Meeting highlights from the Pharmacovigilance Risk Assessment Committee (PRAC) 8-11 March 2021

News 12/03/2021

Review of thalassaemia medicine Zynteglo started

EMA’s human safety committee (PRAC) has begun a safety review of the medicine Zynteglo, a gene therapy authorised to treat the rare blood condition beta thalassaemia.

The review follows a case of acute myeloid leukaemia, a cancer of the blood, in a patient treated with a related investigational medicine, bb1111. This medicine uses the same modified virus (known as a viral vector) as Zynteglo, to deliver a gene into body cells.

So far, no cases of leukaemia have been reported with Zynteglo itself. The company responsible for developing both medicines has paused supply of Zynteglo while the evidence is examined.

PRAC will now examine the evidence thoroughly at EU level, working closely with experts from EMA’s Committee for Advanced Therapies (CAT), which is responsible for assessing this type of medicine, and decide on any relevant regulatory action for Zynteglo.

More information is available below.

Benefits of ifosfamide solutions continue to outweigh risks

PRAC concluded that the benefits of ifosfamide solutions for infusion continue to outweigh their risks in the treatment of different types of cancers, including various solid tumours and blood cancers such as lymphomas (cancer of white blood cells).

The review was started because two recent studies1,2 suggested that the risk of encephalopathy (brain disorders) with ifosfamide supplied in solution forms is higher than with the powder form.

PRAC considered all available data and concluded that an increased risk of encephalopathy with ifosfamide supplied as a solution could neither be confirmed nor excluded due to limitations in the data. PRAC recommended that the existing warning on ifosfamide-induced encephalopathy in the product information should be updated with the latest information on this side effect. For more information, see EMA’s public health communication.

PRAC investigating cases of thromboembolic events after vaccination with COVID-19 Vaccine AstraZeneca - vaccine’s benefits currently still outweigh risks

The PRAC is reviewing all cases of thromboembolic events, and other conditions related to blood clots, reported post-vaccination with Vaxzevria (previously COVID-19 Vaccine AstraZeneca).

There is currently no indication that vaccination has caused these conditions, which are not listed as side effects with this vaccine. The position of the PRAC is that the vaccine’s benefits continue to outweigh its risks and the vaccine can continue to be administered while investigation of cases of thromboembolic events is ongoing.

EMA will further communicate as the assessment progresses. For more information see EMA’s update.

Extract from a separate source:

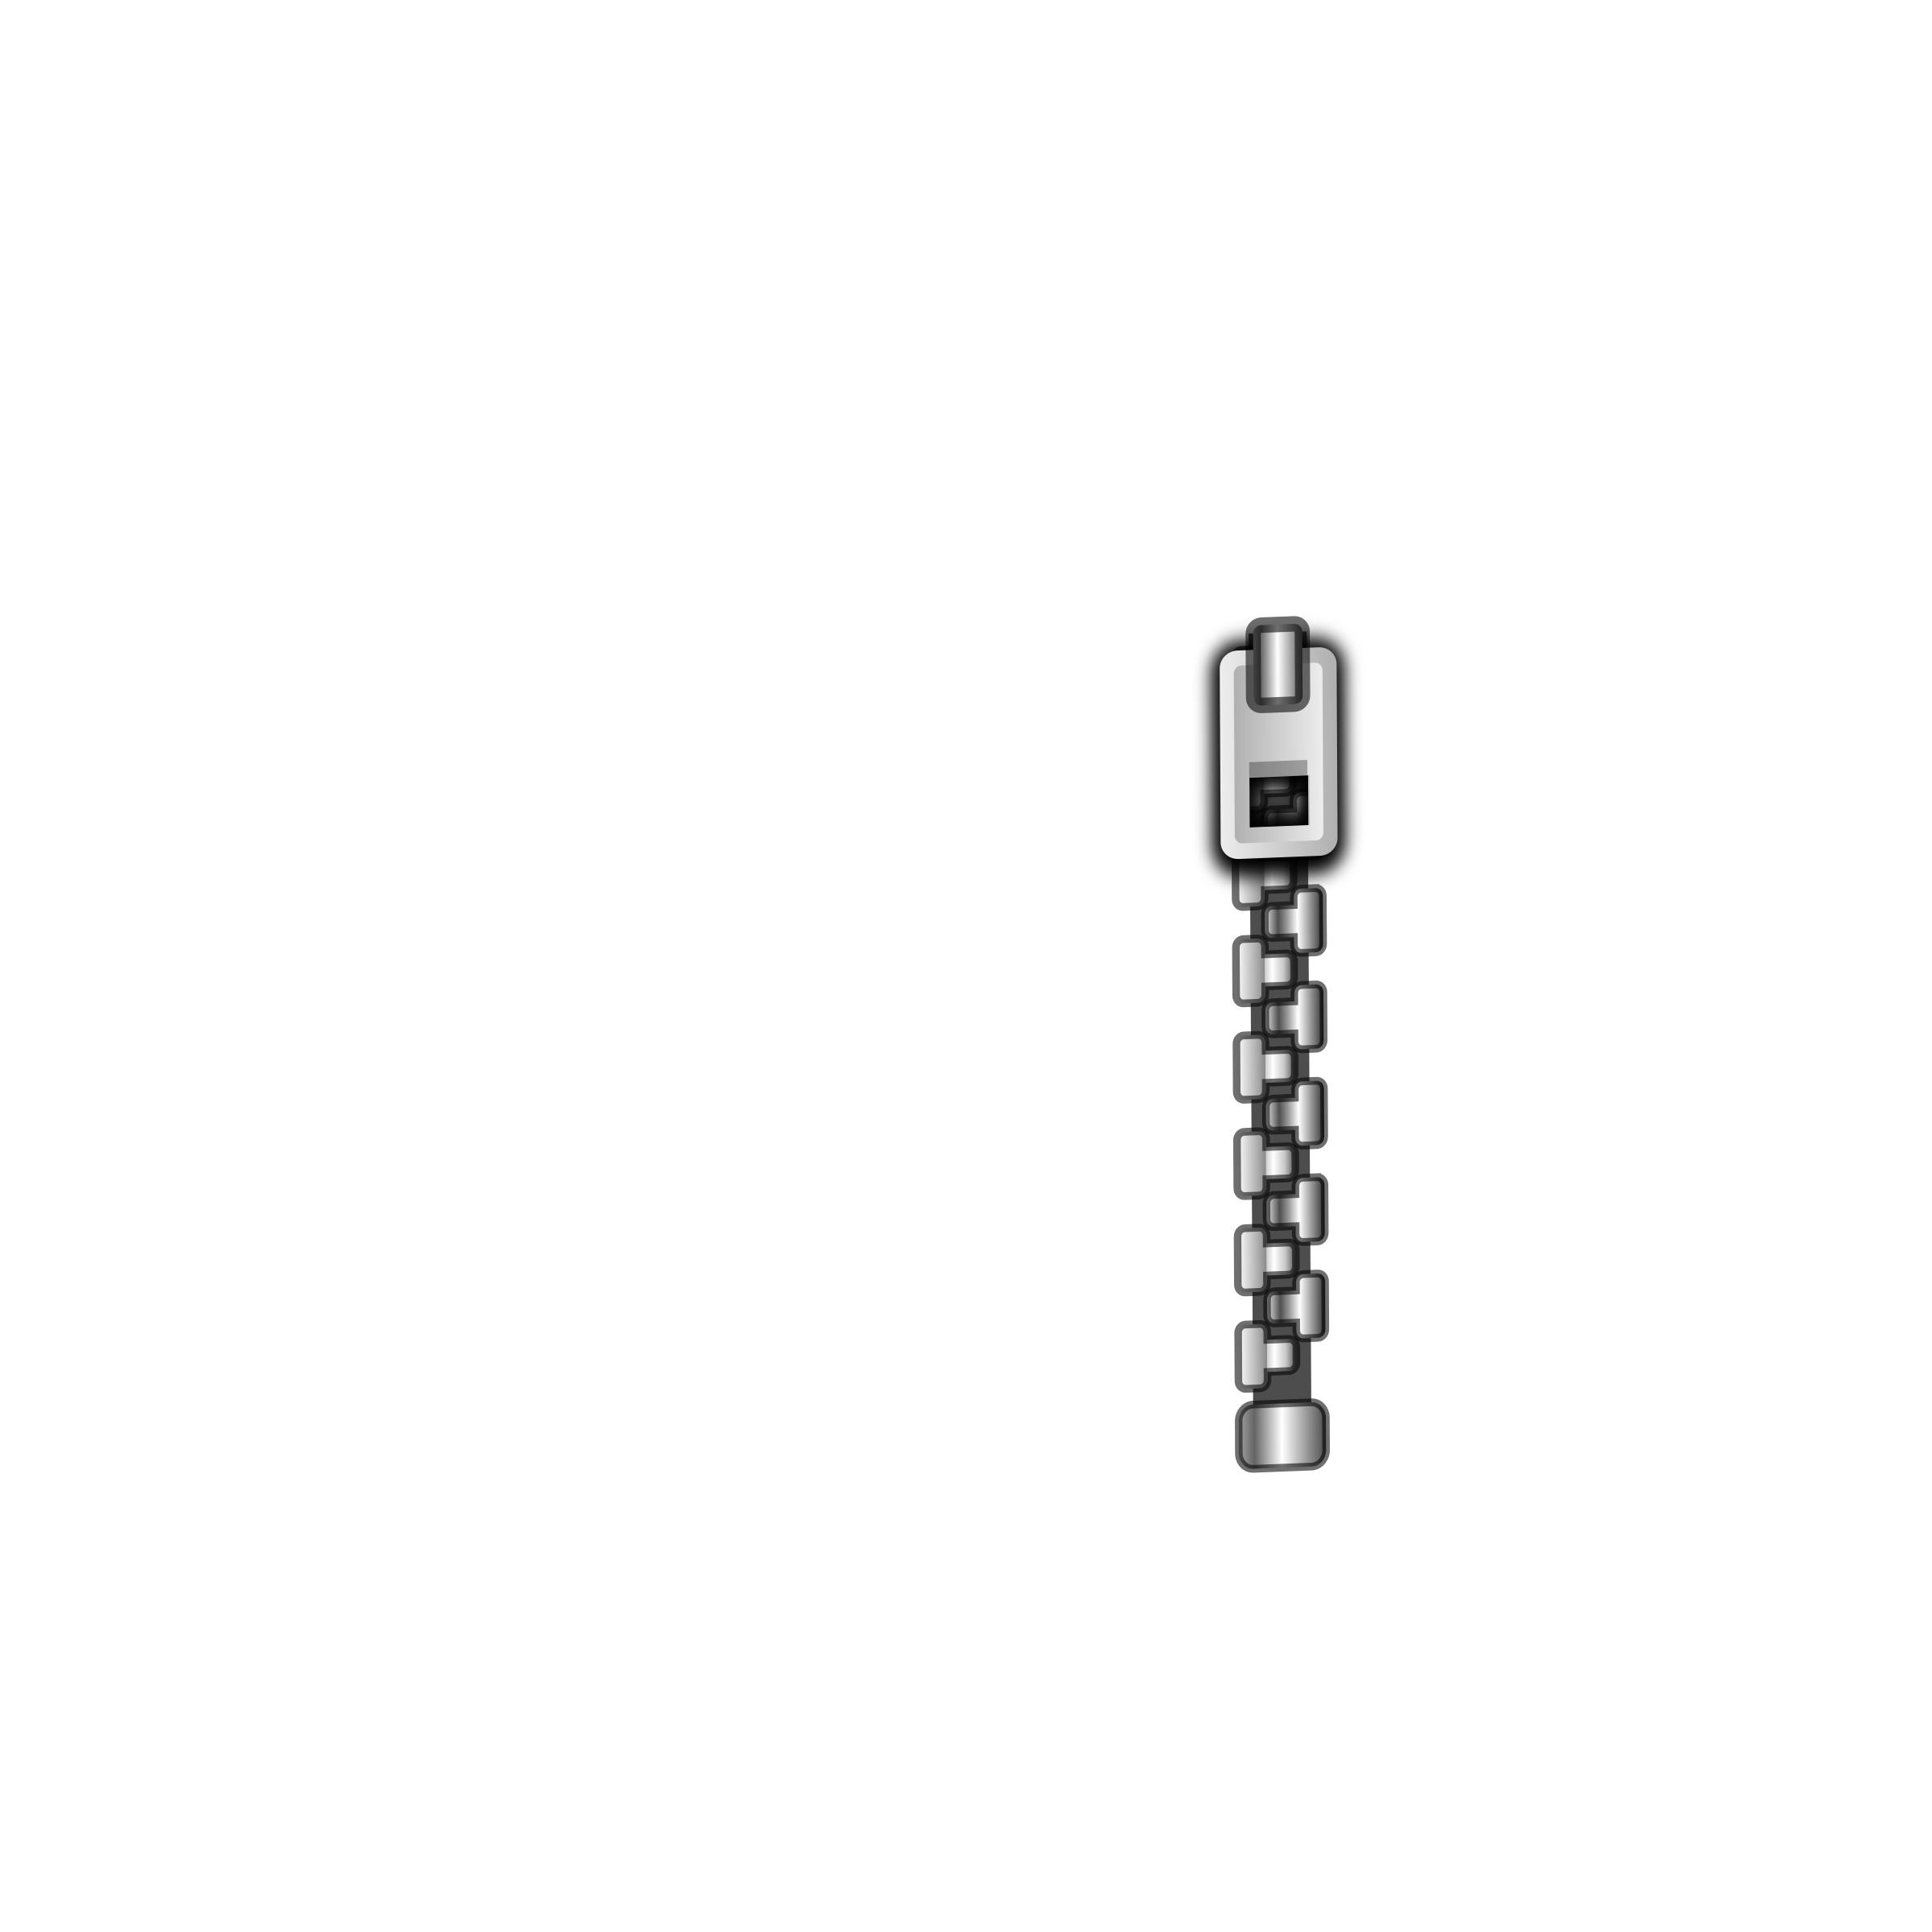 Zipper clipart transparent Clipart Zip Zip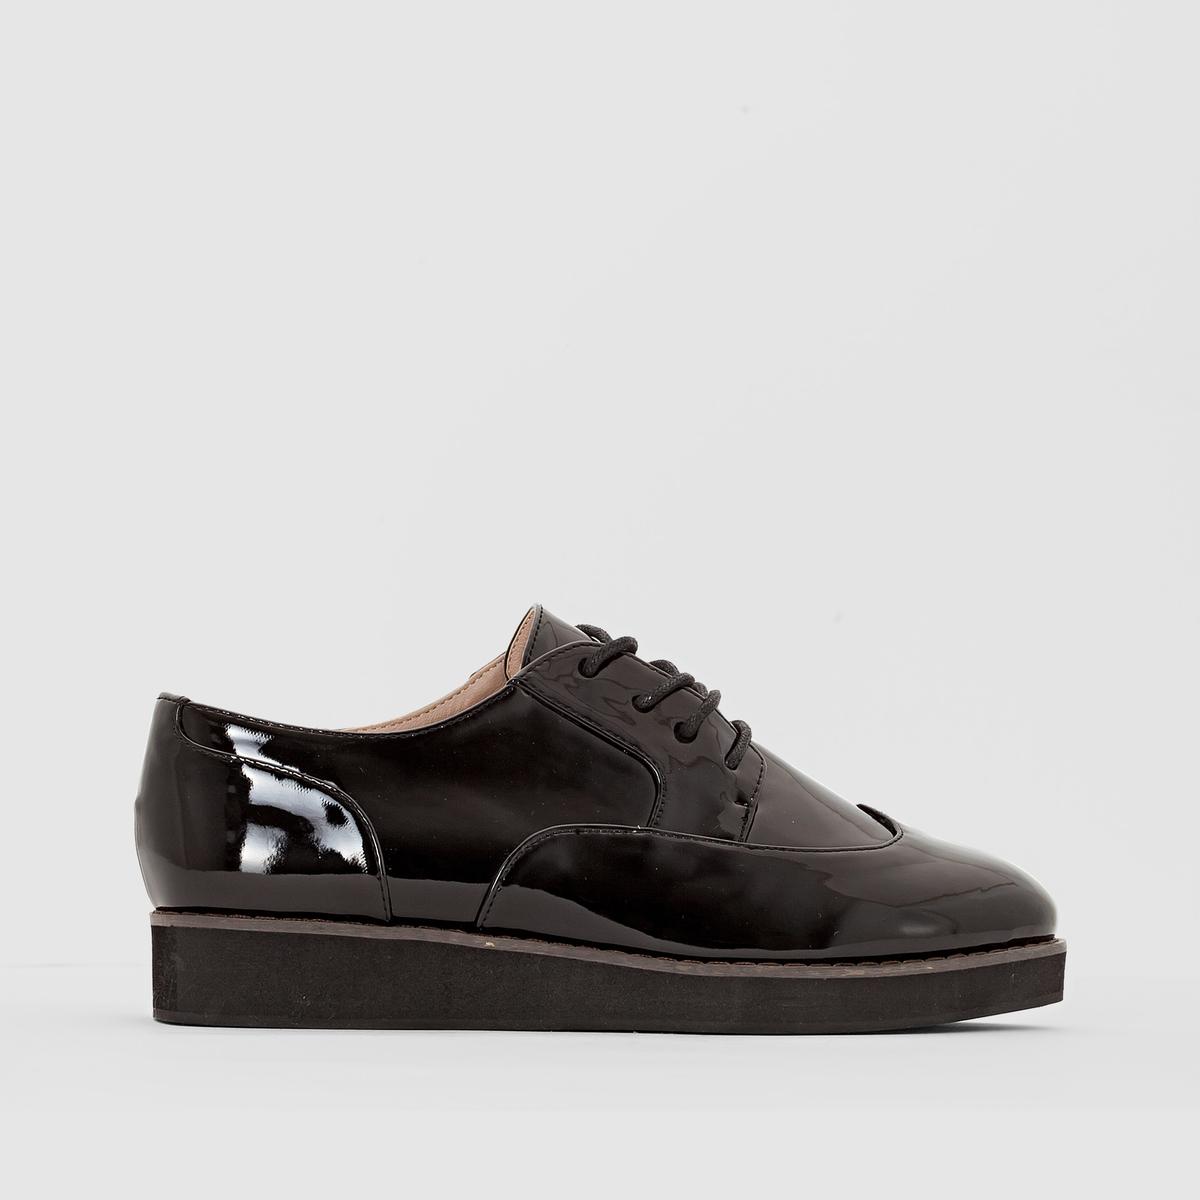 Ботинки-дерби синтетические, размер 38-45 ботинки дерби под кожу питона

PRAC concludes safety signal of anaphylaxis with COVID-19 Vaccine AstraZeneca

Following the assessment of a safety signal regarding cases of anaphylaxis (severe allergic reactions) with Vaxzevria (previously COVID-19 Vaccine AstraZeneca), PRAC has recommended an update to the product information to include anaphylaxis and hypersensitivity (allergic reactions) as side effects in section 4.8, with an unknown frequency, and to update the existing warning to reflect that cases of anaphylaxis have been reported.

The update is based on a review of 41 reports of possible anaphylaxis seen among around 5 million vaccinations in the United Kingdom3. After careful review of the data, PRAC considered that a link to the vaccine was likely in at least some of these cases.

Anaphylaxis is a known side effect that may occur, very rarely, with vaccines, and is already included in the risk management plan for Vaxzevria (previously COVID-19 Vaccine AstraZeneca) as a potential risk. Therefore, the product information already contains a warning about anaphylactic reactions. This information also highlights the need for appropriate medical treatment to be readily available in case of an anaphylactic event with the vaccine, and a recommendation that people receiving the vaccine be monitored for at least 15 minutes after vaccination is already included. Any person developing such a reaction after the first dose of the vaccine should not be given a second dose. This advice, which is aligned across all the COVID-19 vaccines authorised in the EU, remains unchanged and the update to the product information does not require any change in clinical practice.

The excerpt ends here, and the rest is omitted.